Building Curricular Tools

Within Creating a New Vision for Public Education in Texas, Article II: The New Learning Standards, we recognize the need for a set of curricular tools to support teachers and students.  These curricular tools include supports such as lesson exemplars, annotated models of student work, samples of rigorous tasks, opportunities for student choice, project/product rubrics, professional development and professional collaboration related to the successful implementation.

II.i Guidance should be given to teachers’ daily work so they can make the content standards clear and compelling to their students for each unit of focus.

Creating such an expansive set of supports can be a daunting undertaking unless it is approached strategically and with intention.  First, if we consider the learning design we strive to provide for our students, then the outcome of those learning experiences is high quality, evidence of understanding created for a global audience.  Then, if we look at our professional learning through the same lens, then the curricular tools can become the output or producible from such professional learning.  And, those curricular tools should and will be at the upmost level of quality.  And, best of all, the buy-in and understanding of purpose will be an added benefit as well!

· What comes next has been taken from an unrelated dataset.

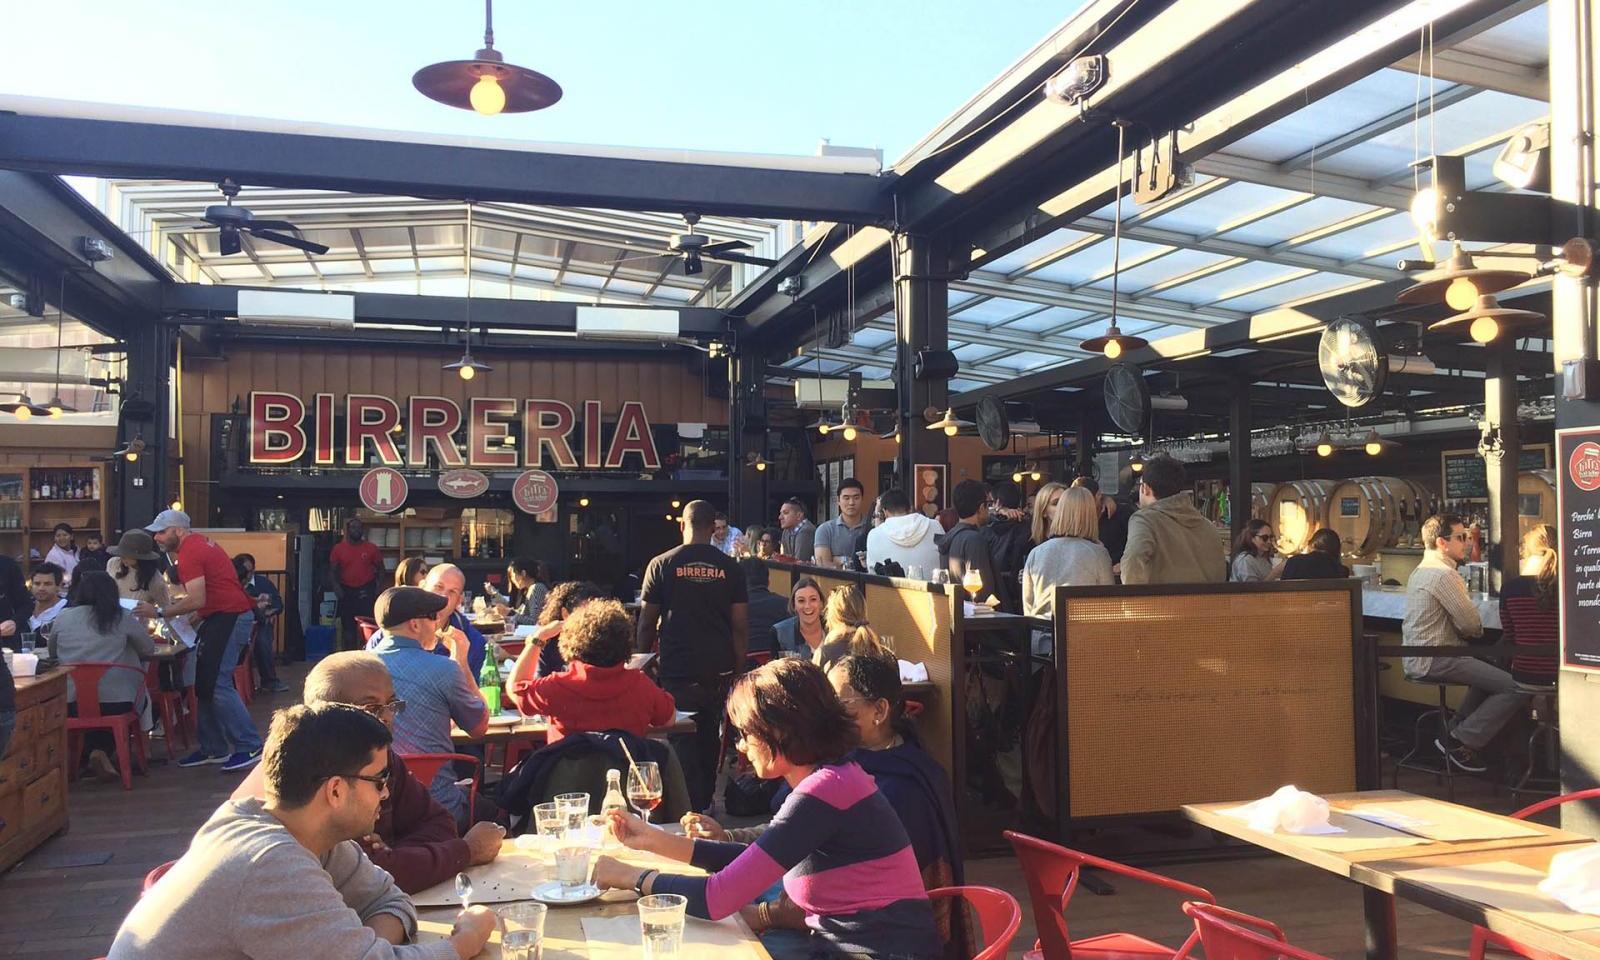 Birreria Rooftop Bar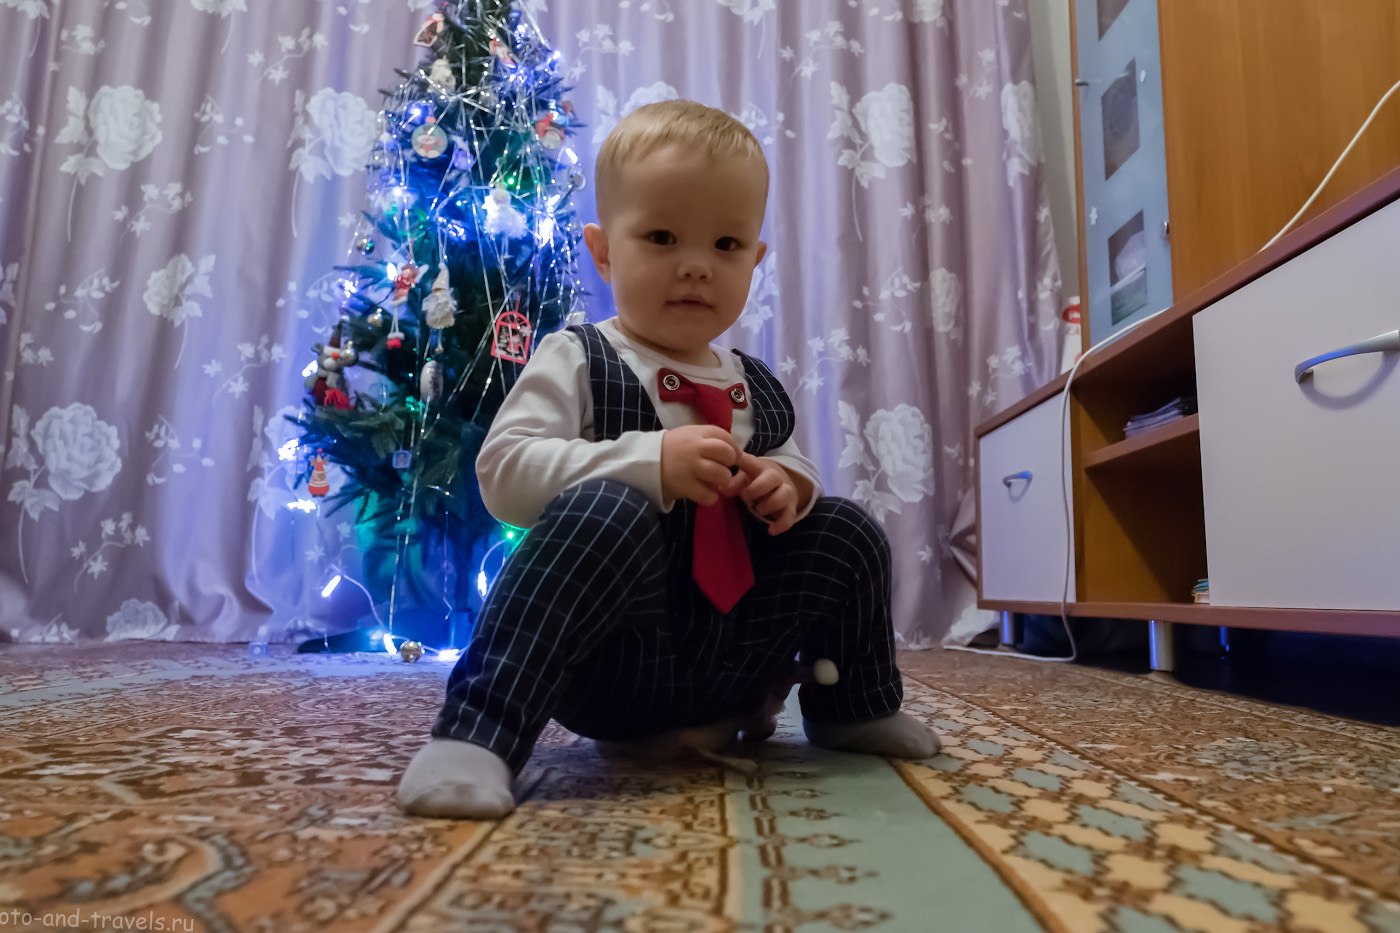 Фото 3. Трудности при съемке детского портрета на новогоднем утреннике при использовании освещения от ламп постоянного света в помещении. Снято на Fujifilm X-T10 с объективом Fujinon 16-55mm f/2.8 (в редакторе увеличил экспозицию на +1,5 EV). Настройки: 1/60, 3.2, 3200, 16.

To share an example of the overlap of professional learning and the creation of curricular tools, take a look at a few Frayer Models created this spring by teachers in my district:

Frayer Model Triangles

Frayer Model Multiplication

Frayer Model Box Plot

Frayer Model Quadratic Function

In response to a need to strengthen academic vocabulary acquisition strategies, I created a professional learning opportunity, housed within our learning management system.  The educators accessed the content of the professional learning on their own time, or with their professional learning communities.  One of the vocabulary strategies included was Frayer Models, or a specific type of graphic organizer used to display definitions, characteristics, examples, and non-examples related to a single idea.  The teachers read this article, What’s the Big Deal About Vocabulary, by Pamela J. Dunston and Andrew M. Tyminski, and designed a learning experience to include Frayer Models with their students.  Finally, the teachers captured an image of the model in their classroom and posted a comment on the embedded discussion board using one of the sentence starters below, attaching a photo of the Frayer Model used.

  • I used to think…But now I know…
  • One thing I would change next time is…
  • One benefit for my learners was…

Now, a selection of these high quality, teacher-developed supports can be added to our curriculum documents and be used for professional learning, reference, and resources for teachers in the future!

I am appreciative of my teachers’ commitment to engagement in professional learning. It is evident by the Frayer Models they contributed to the bank for their peers and the comments they posted to the discussion board that this is a valuable contribution to our curricular tools for teachers and learners alike!